“I came to hate the complainers, with their dry and crumbly lipsticks and their wrinkled rage and their stupid, flaccid, old-people sun hats with brims the breadth of Saturn's rings.”
This quote is an excellent example of the colorful yet oddly cobbled sentences in the novel told through the eyes of the naive Ava Bigtree. Here, she likens people that complain to the elderly in reference to the impotence that complaining achieves. The author, through the narrator, makes a disparate comparison between the act of complaining and the inability and helpless of old age flow into a seamless sentence that works.
“And then our mom got sick, sicker than a person should ever be allowed to get. I was twelve when she got her diagnosis and I was furious.”
The narrator recounts her mother’s bout with cancer, describing best as she can with her vocabulary her helplessness and frustration with her situation. Her narration of he mother’s illness is also a narration of the beginning of the end—for their family and their entire way of life. This is also an excellent example of the author’s insertions of local color, presenting the narrative using a Deep South syntax.
“It was only after Swamplandia!’s fall that time folded into a story with a beginning, a middle, and an ending. If you’re short on time, that would be the two-word version of our story: we fell.”

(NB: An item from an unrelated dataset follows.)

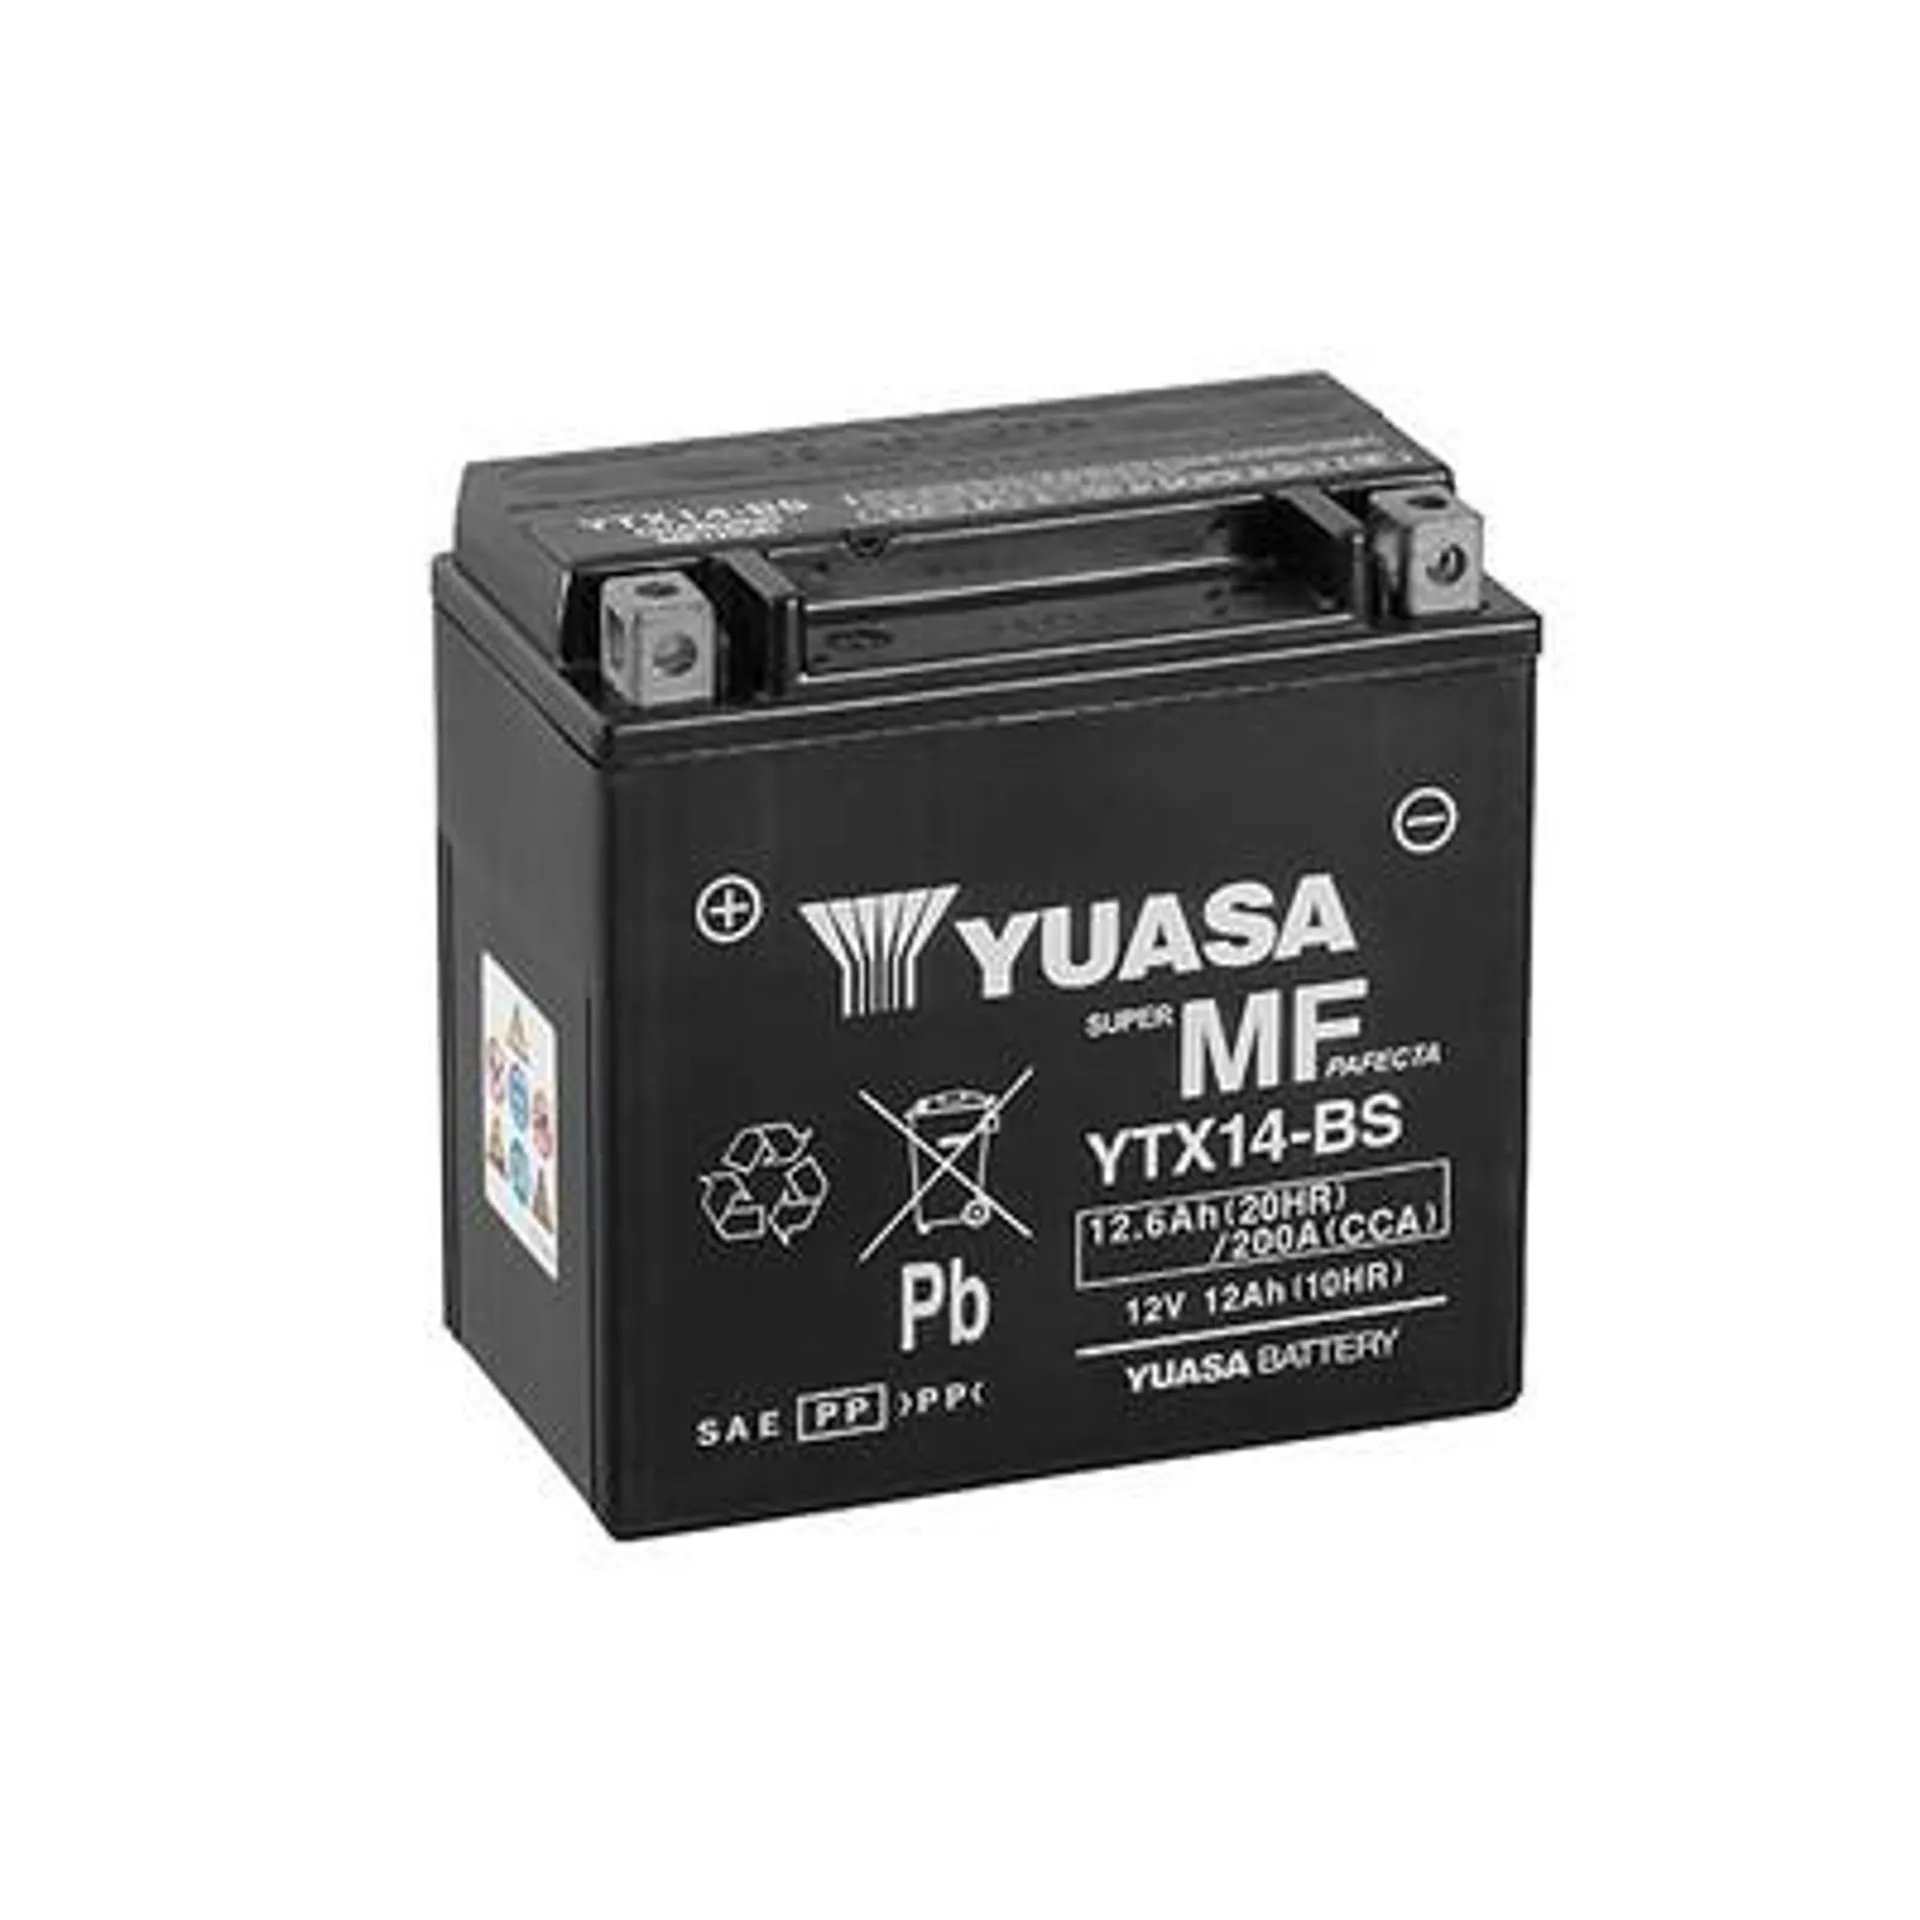 YTX14-BSY Yuasa Motorcycle Battery

Ava informs the reading audience with an air of fatigued casualness and defeat that events in their lives as a family fell out of rhythm in the worst possible way. She also alludes that it wasn’t just the cancer or the resultant death of her mother that led up to the fall of their family park/tourist attraction but rather a series of chain reactions triggered by her mother’s illness and death that could be best summarized by describing everything bad that has happened to the Bigtree family as a great fall from grace.